John cannot contain his excitement.

“America, bloody America,” he says.

“Yes.”

“I mean, Jesus Christ, it’s
America
we’re talking about here.”

“I know.”

“You’ve been, but I haven’t. I always wanted to come. Did you see the bikes? On the ride in I saw two Harleys and an Indian. An Indian, can you believe it? And the cars, the cars are bloody huge. It’s just like
Starsky and Hutch
or—”

“John, listen, I need to score some ketch.”

John shakes his head.

“No. No, no, no. Come on, Alexander, couldn’t you use this as an opportunity to go cold turkey?” John asks. An excellent question.

I stare at him.

“No,” I say.

“Alex, if you—” but then he stops and sees the state I’m in. Shaking, pale, trying to keep down my meager stomach contents.

“Alex, ok, look. I can’t convince you?” he says.

“No.”

“Ok, if you really insist on going, go. Look, and score me some pot as well, ok?”

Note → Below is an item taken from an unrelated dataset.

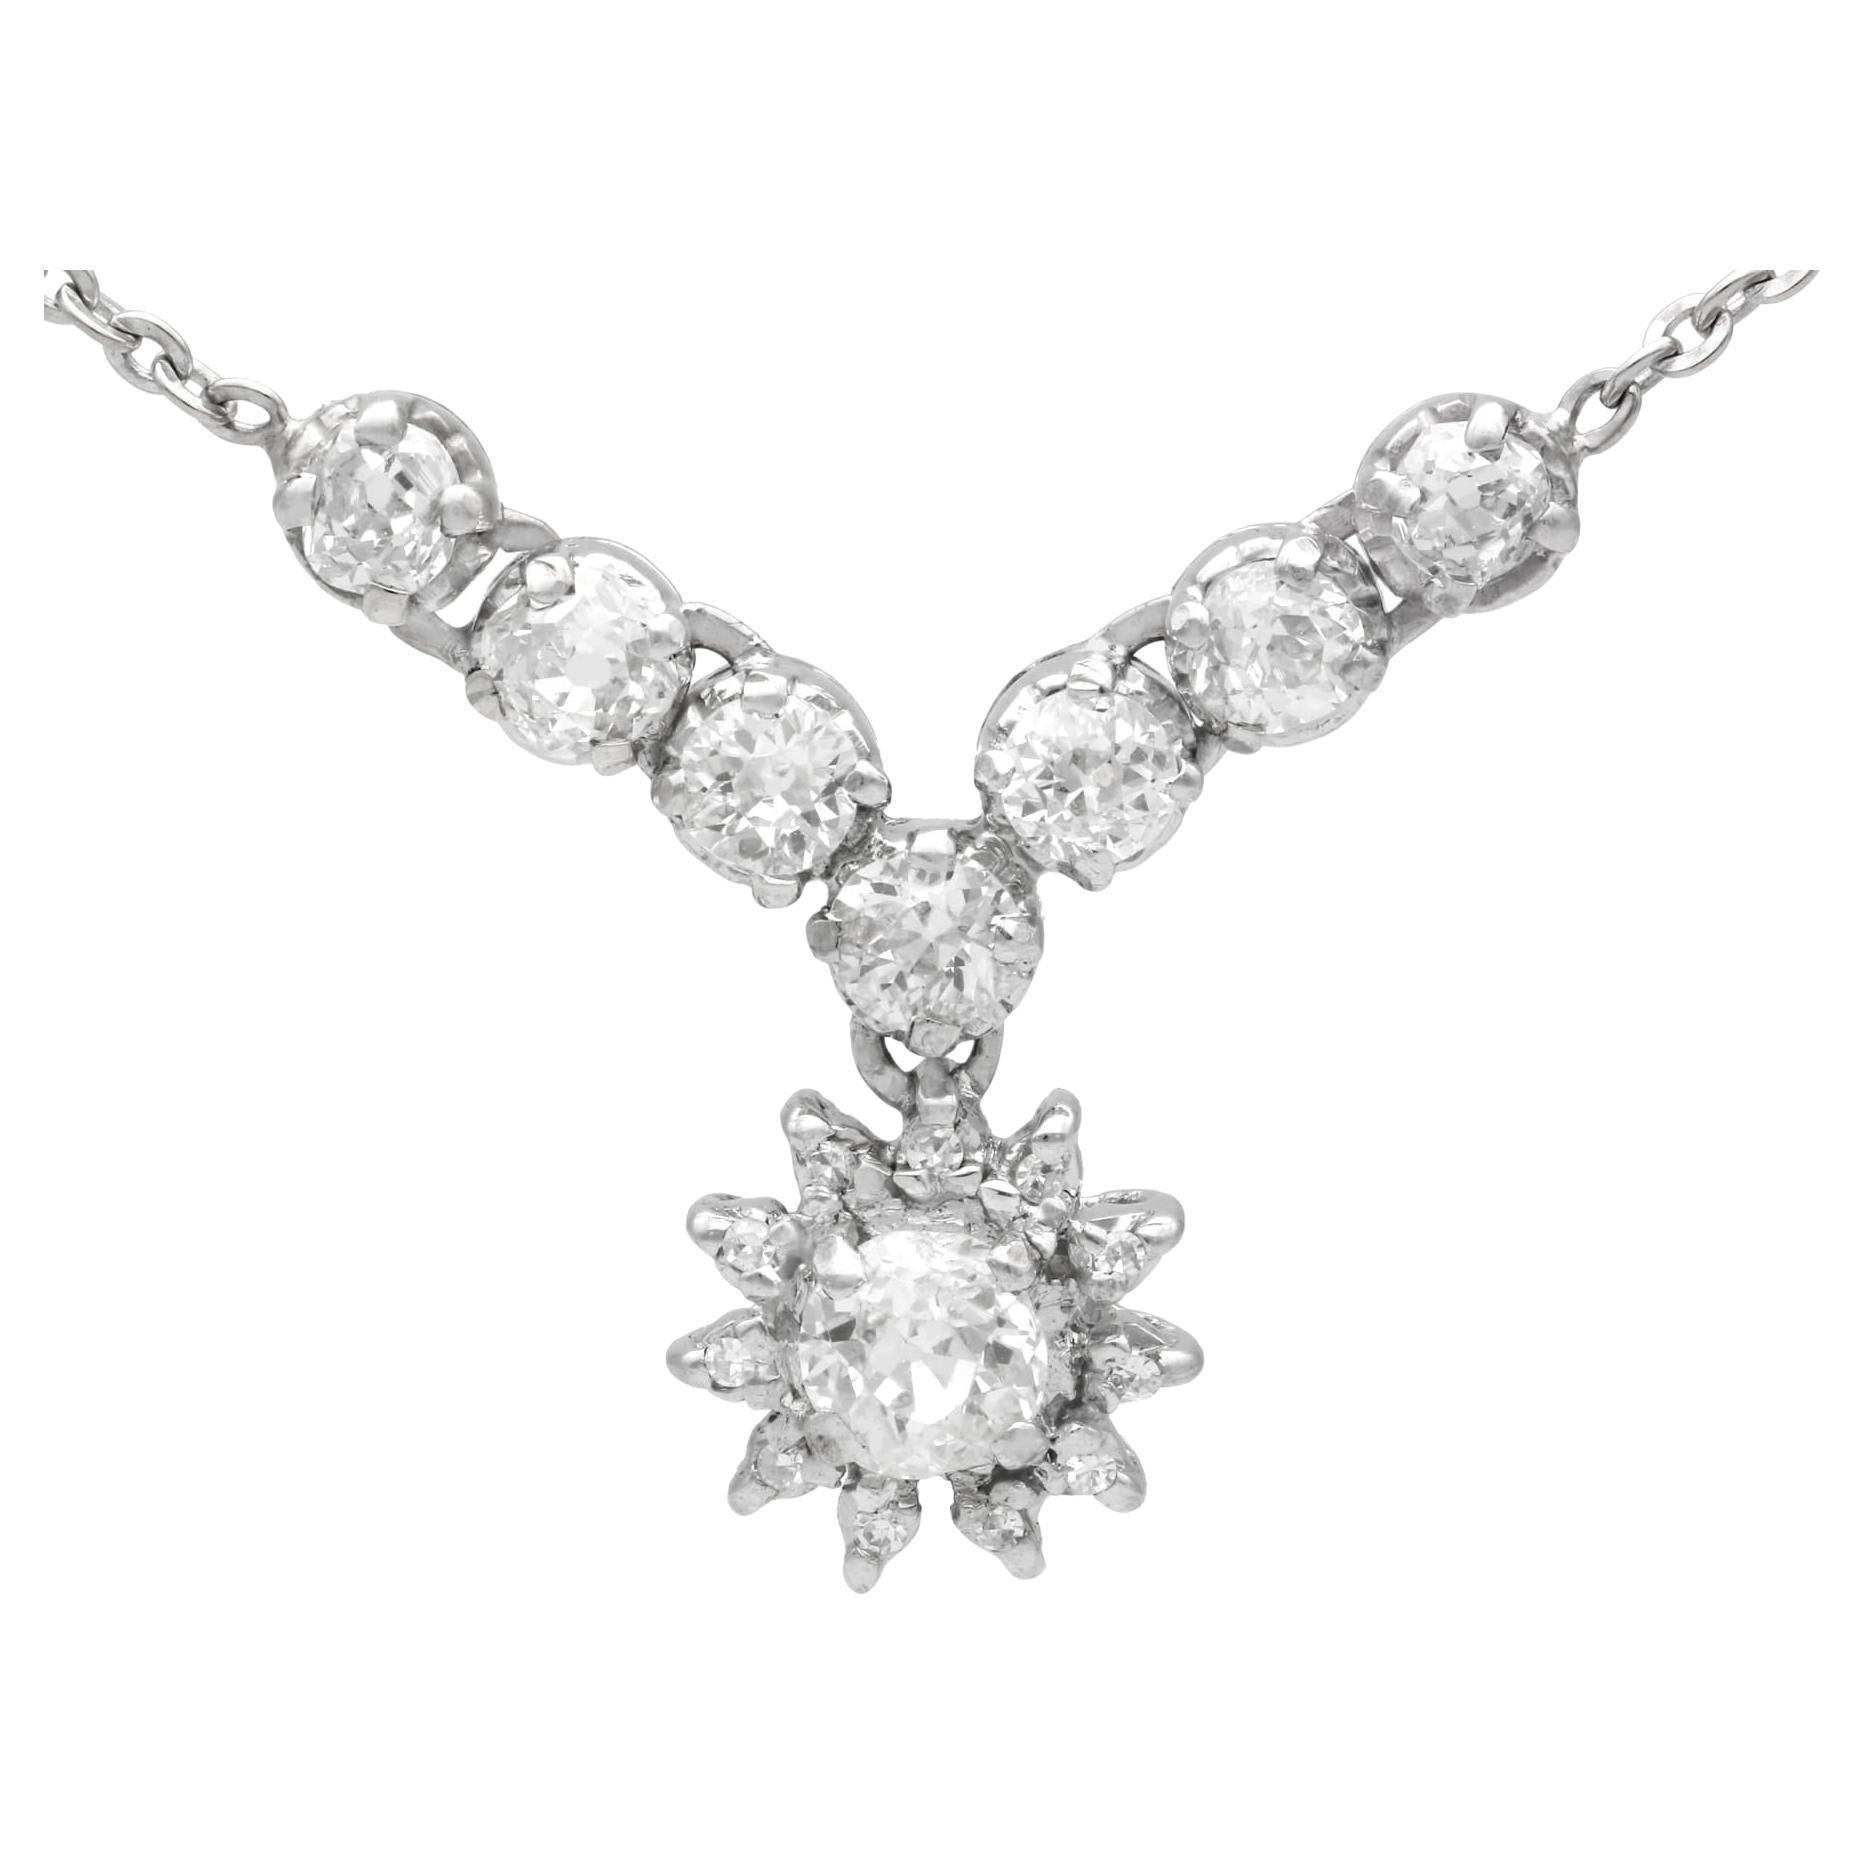 Antique 1920s 1.99 Carat Diamond and Silver Necklace

“Maybe. John, you’re what they call an enabler.”

“Sure. Just don’t get arrested”

“If I do, I’ll tell them you put me up to it.”

* * *

Heat. Sun. I walked down Broadway. Wide streets, flat pavements, ramps on the sidewalk. I found Colfax again. A lot of pedestrian traffic. Roasting, too, my beard itched. The Capitol Building. A statue of a Civil War soldier. The Ten Commandments.

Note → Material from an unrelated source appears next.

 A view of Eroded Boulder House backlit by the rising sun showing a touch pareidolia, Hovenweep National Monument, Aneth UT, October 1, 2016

Homeless people, desperate people, alcoholics on the sidewalk.

Ah, a scumball bar.

The bar, dark, smoky. Sun like laser light through cracks in the paint of the blacked-out windows. Very American. Budweiser signs, Coors signs, a pool table, strange things on tap. People on their own staring at shot glasses, hugging their beer. No women. Is this the right place?

Barkeep. Black guy, forty-five, bald, big strong hands that looked like they could wring your neck.